The United States, the European Union, Russia, and the United Nations had wanted Israel to continue the transfers until Hamas forms its Cabinet sometime in the next five weeks, but acting Israeli Prime Minister Ehud Olmert said that the Palestinian Authority is “becoming a terrorist authority.” The LAT underscores that Israel opted not to enact harsher sanctions, such as closing its doors to Palestinian workers. Mahmoud Abbas, still president and commander in chief, threatened to call for a new election if Hamas does not recognize “existing Palestinian agreements” with Israel but stopped short of specifically requiring Hamas to explicitly recognize Israel.

State legislatures are considering limiting the government’s power of eminent domain following a June Supreme Court ruling that established that local governments can seize condemned private property to foster economic growth. Eminent domain empowers cities to seize property for “public use,” as well as for developments such as malls, offices, and condos, all provided the owner is fairly compensated. But fear of eminent domain abuses has prompted states to consider several new policies, such as banning the use of eminent domain for economic development, making it harder to declare a neighborhood “blighted,” or forcing the government to pay above market value when confiscating property.

The NYT fronts a look at the new Iraqi Counterterrorism Force, an elite unit currently being trained by American special ops forces. The unit is equipped with night vision goggles and will perform the most dangerous missions, including “capturing or killing insurgent and terrorist commanders, guarding Iraqi government leaders and rescuing hostages.”

The LAT reports that the Privacy and Civil Liberties Oversight Board, recommended by the 9/11 Commission and signed into law in 2004, has yet to meet. The board’s sole purpose is to protect privacy and civil liberties in the fight against terrorism. But the board has been kept out of commission by “foot-dragging, debate over its budget and powers, and concern over the qualifications of some of its members.”

The NYT reports that rescuers involved in the international relief effort in the Philippines, where a mudslide buried a village of 1,800 people, are acknowledging the grim reality that finding additional survivors is unlikely. So far, only 57 survivors have been found. Commercial logging in the region has left many hillsides bare, and landslides have become “a regular feature” of rainy season.

The WP reports on efforts to persuade the FDA to ban the use of carbon monoxide in treating meat. Carbon monoxide helps keep meat looking pink and fresh for weeks. The meat industry says it loses about $1 billion on meat that’s still fresh and safe but appears brown and unappetizing. Consumer advocates object not to the carbon monoxide itself, which is harmless at the levels used, but to its potential effect on consumers’ ability to gauge the meat’s freshness. Industry advocates note that meat turns brown long before it goes bad and argue that it’s easy to spot rotten meat even without relying on its color.

The WP reports on Chinese access to Wikipedia, the collaboratively written online encyclopedia that allows anyone to edit any entries.
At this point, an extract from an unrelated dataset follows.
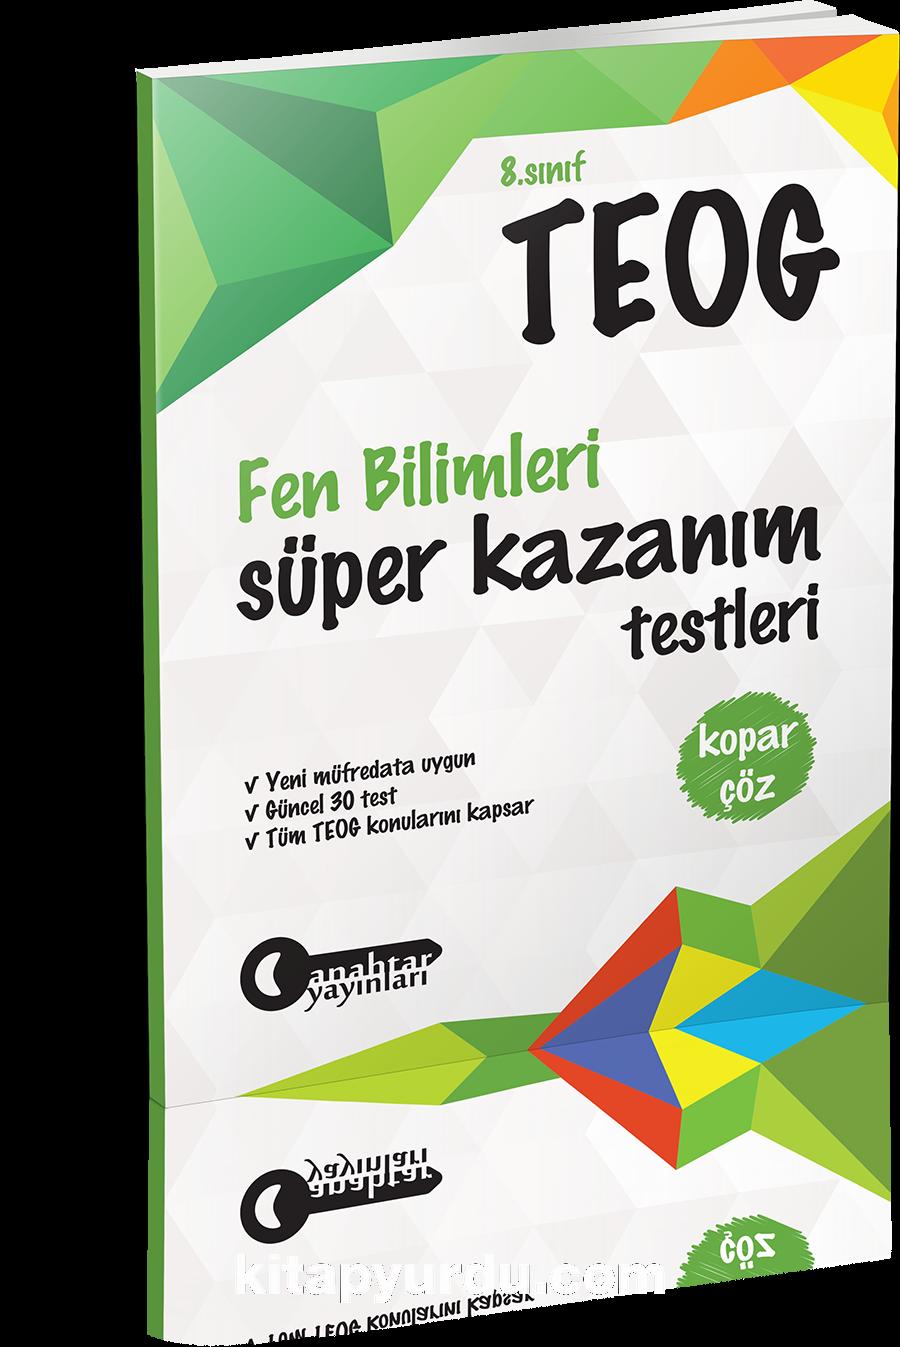 8. Sınıf TEOG Fen Bilimleri Kopar Çöz Süper Kazanım Testleri

The Chinese government has now blocked access to the site, despite the broadening appeal of its Chinese-language edition. The problem, the WP speculates, is that the site threatened the Communist Party’s control of information, allowing people to meet or plan without the party’s approval.

The NYT fronts a feature about the “exploding drug trade on Indian lands,” profiling a Native American woman who led a drug trafficking ring. The woman, who just served a prison term, smuggled OxyContin from Canada into the United States, selling the pills to officials and addicts on her reservation. At its peak, the operation employed 12 to 15 female drug mules, netting $15,000 a day.
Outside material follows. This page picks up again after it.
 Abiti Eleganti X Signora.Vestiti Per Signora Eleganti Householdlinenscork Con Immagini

Pushing the Envelope … The NYT checks in with Jon Stewart, who, as host of the upcoming Academy Awards, is “transforming himself from class clown to head of the class.” The challenge: “to extract humor from somber, little-seen films like Munich, Crash and Capote,” and to say something fresh about the most obvious joke target, BrokebackMountain. Asked what to expect, Daily Show producer Ben Karlin replied, “Meryl Streep has gotten a free ride for too long. She’s going down.”